Верхом она была похожа на девчонку, храбро осваивавшую первую в жизни карусельную лошадку. В вульгарной контрпозиции рот ее исказился квадратной moue[444]. Смурные, угрюмые уличные проститутки проделывают это с плотно сжатыми губами, без всякого выражения. Она пускалась вскачь дважды. Их стремительный обхват вместе с повторением продлились не пять, пятнадцать минут. Весьма собой довольный, Ван прошелся с нею напоследок сквозь буро-зеленую сень Буа де Бейё в ту сторону, где был ее особнячок (small mansion).
— Да, кстати, — сказал Ван, — я не пользуюсь больше нашей квартирой на Алексис. Лет семь или восемь там жили у меня одни небогатые люди — семейство полицейского констебля, который прежде служил лакеем у дядюшки Дэна в имении. Теперь моего полицейского уж нет в живых, а его вдова с тремя сыновьями вернулась в Ладору. Я хотел бы расстаться с этой квартирой. Не согласишься ли принять ее в качестве запоздалого свадебного подарка от воздыхателя? Отлично! Как-нибудь повторим наши игры.

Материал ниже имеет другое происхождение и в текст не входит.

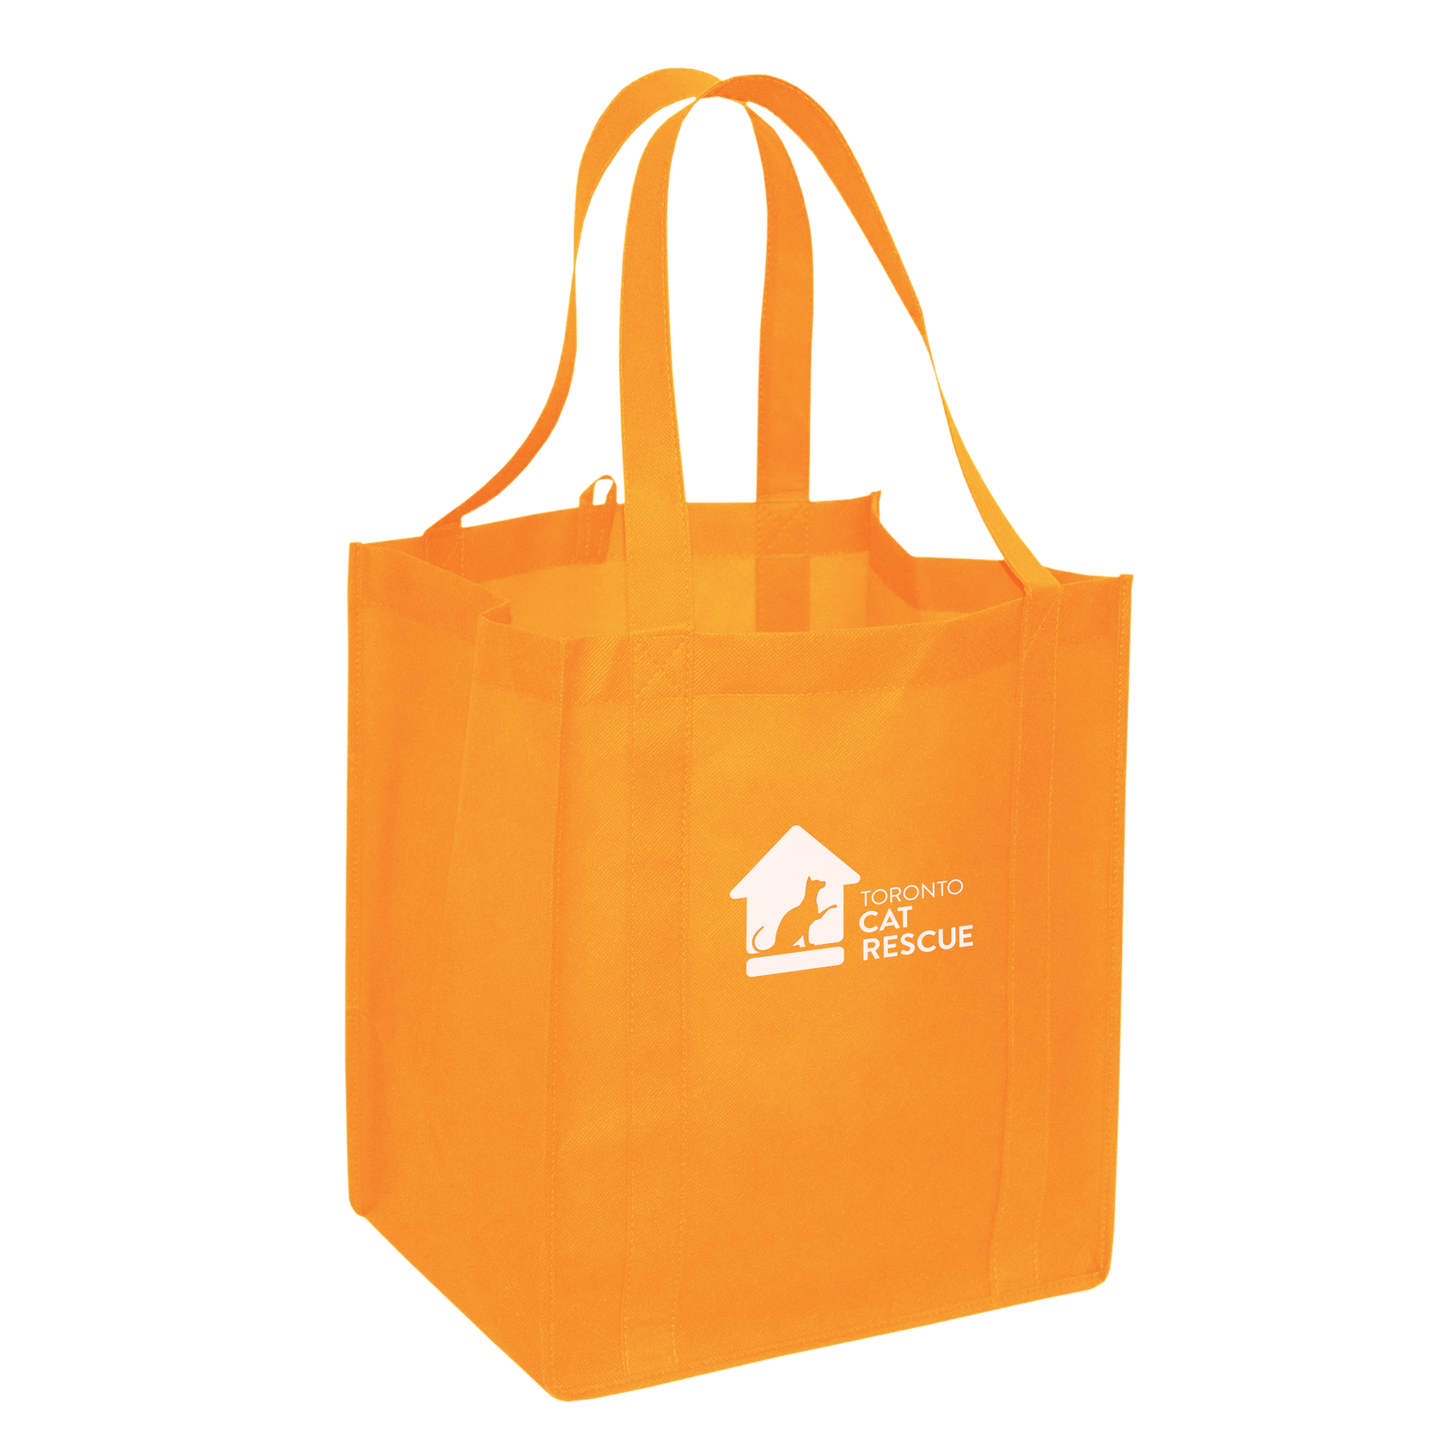 Every Day is Caturday Tote in Orange

Завтра я должен быть в Лондоне, а третьего «Адмирал Тобакофф», мой любимый лайнер, отплывет со мною в Манхэттен. Аи revoir![445] Скажи своему, чтоб остерегался низких притолок. Рога, едва появляются, еще нежные слишком. Грег Ласкин утверждает, что Люсетт в «Альфонсе Четвертом»?
— Это так. А вторая где?
— Я думаю, здесь мы расстанемся! Двадцать минут двенадцатого. Так что поспеши.

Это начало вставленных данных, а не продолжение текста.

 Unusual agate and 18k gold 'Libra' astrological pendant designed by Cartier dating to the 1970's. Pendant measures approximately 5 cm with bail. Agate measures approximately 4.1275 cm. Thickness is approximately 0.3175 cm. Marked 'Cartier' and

— Аи revoir! Ты гадкий мальчишка, а я гадкая девчонка. Но было чудно — хотя ты и обращался со мной не как со знакомой дамой, а так, будто я у тебя шлюшечка. Погоди! Вот совершенно секретный адрес, по которому ты сможешь всегда (роется в сумочке) «меня найти» (отыскав карточку с мужниной геральдикой, выводит почтовый код), — это Мальбрук, Майн, там я каждый август.

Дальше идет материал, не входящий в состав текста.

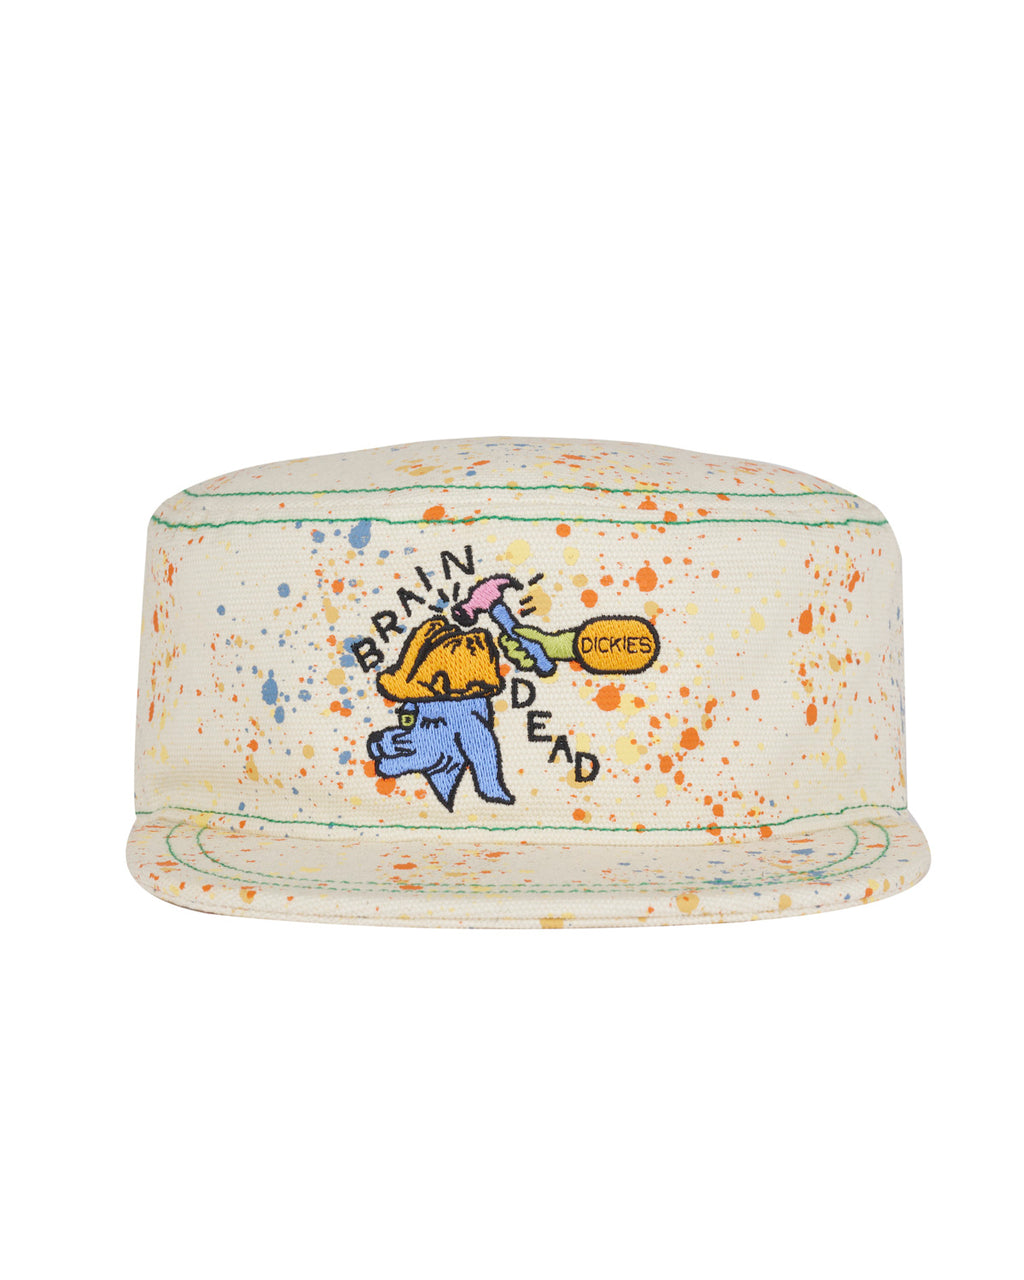 Dickies Embroidered Painters Cap - White Splatter 1

Кордула огляделась, поднялась, точно балерина, на носочки и поцеловала Вана прямо в губы. Прелестная Кордула!
Носитель бурбонского подбородка, смуглый, с прилизанными волосами, неопределенного возраста привратник, прозванный Ваном в студенческую пору «Alphonse Cinq»[446], высказал предположение, будто только что видел мадемуазель Вин в апартаментах Рекамье, где выставлялись на обозрение золотые вуали Вивьен Валь. Клацнув распашными дверцами и мелькнув фалдами, Альфонс выпорхнул из своего закутка проверить. Взгляд Вана, блуждая поверх изогнутой ручки зонта, обозрел карусель дешевых изданий серии «Сластолюбец» (с малюсеньким полосатым дятлом на корешке): «Цыганочка», «Зальцман», «Зальцман», «Зальцман», «Приглашение к оргазму»{145}, «Пострел», «Буйные ребята», «Порог боли», «Чузские колокола», «Цыганочка», — в этот момент мимо проследовали, не узнав признательного Вана, хоть и выдавало его немало зеркал, уолл-стритский коллега Демона, весьма «аристократичный», престарелый Кифар К.Л. Суин, баловавшийся стихами, а также еще более старый Мильтон Элиот{146}, воротила в области недвижимости.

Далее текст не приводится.